Последняя фраза, почти вслух проскрежещенная, тоски резко поубавила.
– Слушай, Хлопов, а почему звона не слышно? Ведь звонить должны – Светлая! Помнишь, как у нас в Москве?
– Эк, сравнили! То ж – Москва! Разве ж от такого вот Таврического будет должное звука отраженье? Да если он еще этой шушерой набит. Эх, пушечку б мою щас сюда, да по шушере! Во звон был бы, почти как в Москве…
Тут полковник, не сдерживаясь, громко расхохотался:
– Ну, тогда тебя в монахи точно не возьмут!
– Почему? По полному чину покаяние совершу и – хватит. Это ж все одно, что в бою против германца, а это – хуже германцев. Ну, эпитимью наложили б… А вообще-то – нет, этих пострелять, а с остальными что делать? Никаких снарядов не хватит. Да и приказать некому, а Государь этого никогда б не приказал. Снарядами назад мозги не повернешь. А пушечка моя этих таврических сейчас защищать едет. От кого только?

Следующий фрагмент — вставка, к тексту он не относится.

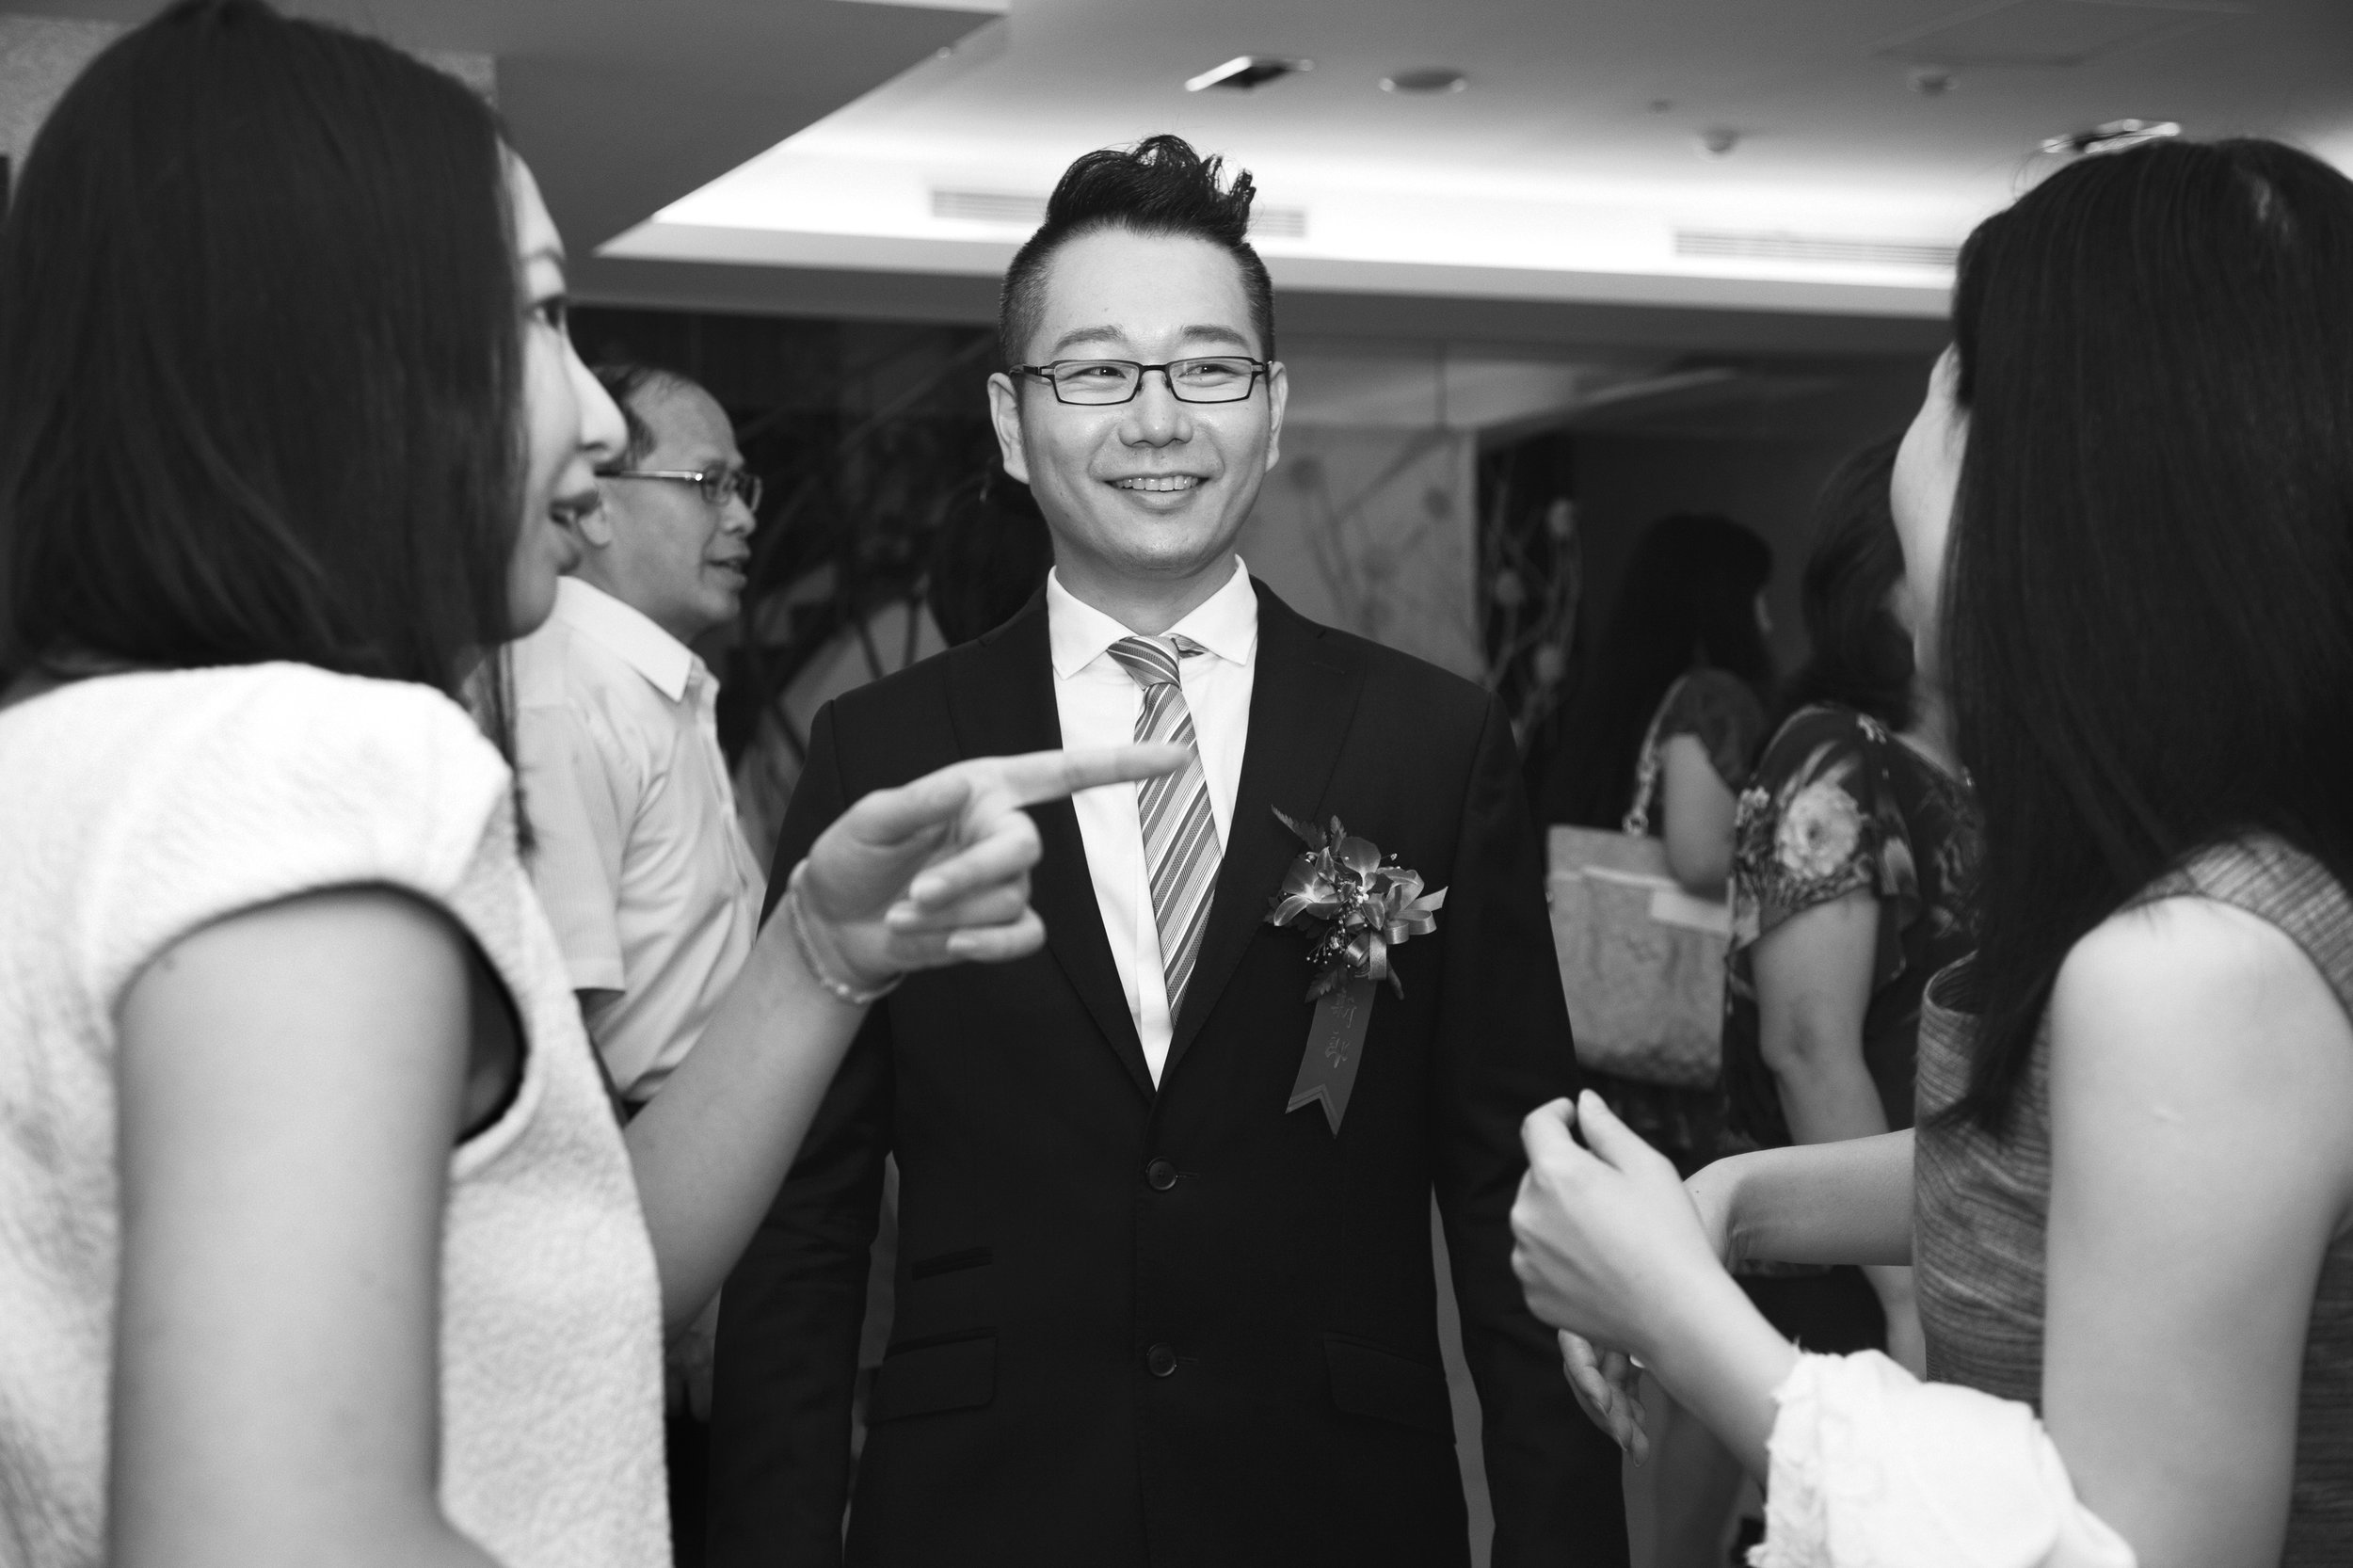 [JC]CREATIVE 女性攝影師 北投儷宴會館 補請台灣WEDDING    自然風格 台北婚攝推 女婚攝  桃園婚攝   圖像00100.JPG

Ну да ладно… Эх, стоишь, бывало, на Маросейке, около Николы Кленникова, а звук переливчатый – и от стен, и от мостовой, и от неба – он и стоит, он и рассыпается зернышками-звучиками. Где ни встань, отовсюду – перелив, потому как все намолено – и стены, и мостовая, и небо. Все особое, московское, древнее, доброе… Воздух наш московский сам знает, когда звук остановить надо, когда цельным туда-сюда вдоль улицы погонять, а когда дробинками сыпануть… А колокола? Где еще такие колокола, как в Москве? А висят как? Один на уровне головы, а другой – в ста аршинах над землей. И все со смыслом: то вместе ударят, то порознь, с хитрецой, звуки то друг на друге сидят слоенкой, а то р-раз – и рассыпаются… А щас, говорят, и там то же, что и тут. И Москва в разнос пошла. Уж скорей бы в монахи, чтоб не видеть этого ничего, хотя от нынешнего времени, видать, нигде не спрячешься, везде достанут. А и плевать! Мне теперь, Ваше Высокоблагородие, ничего не страшно, потому как три месяца целых семью Государеву через глаза и уши свои многогрешные впитывал в лазарете Ее имени Величества Государыни-Царицы нашей Александры. А Ее образ вместе с образком, Ею даренным, в сердце до смерти запечатлен, нет у меня теперь сердца без присутствия в нем Государыни Александры. Одним воздухом с Ней подышишь и – никакая боль не чувствуется, а в душе одна радость… ну, как же ее назвать-то? Ох, уж словеса наши тусклые…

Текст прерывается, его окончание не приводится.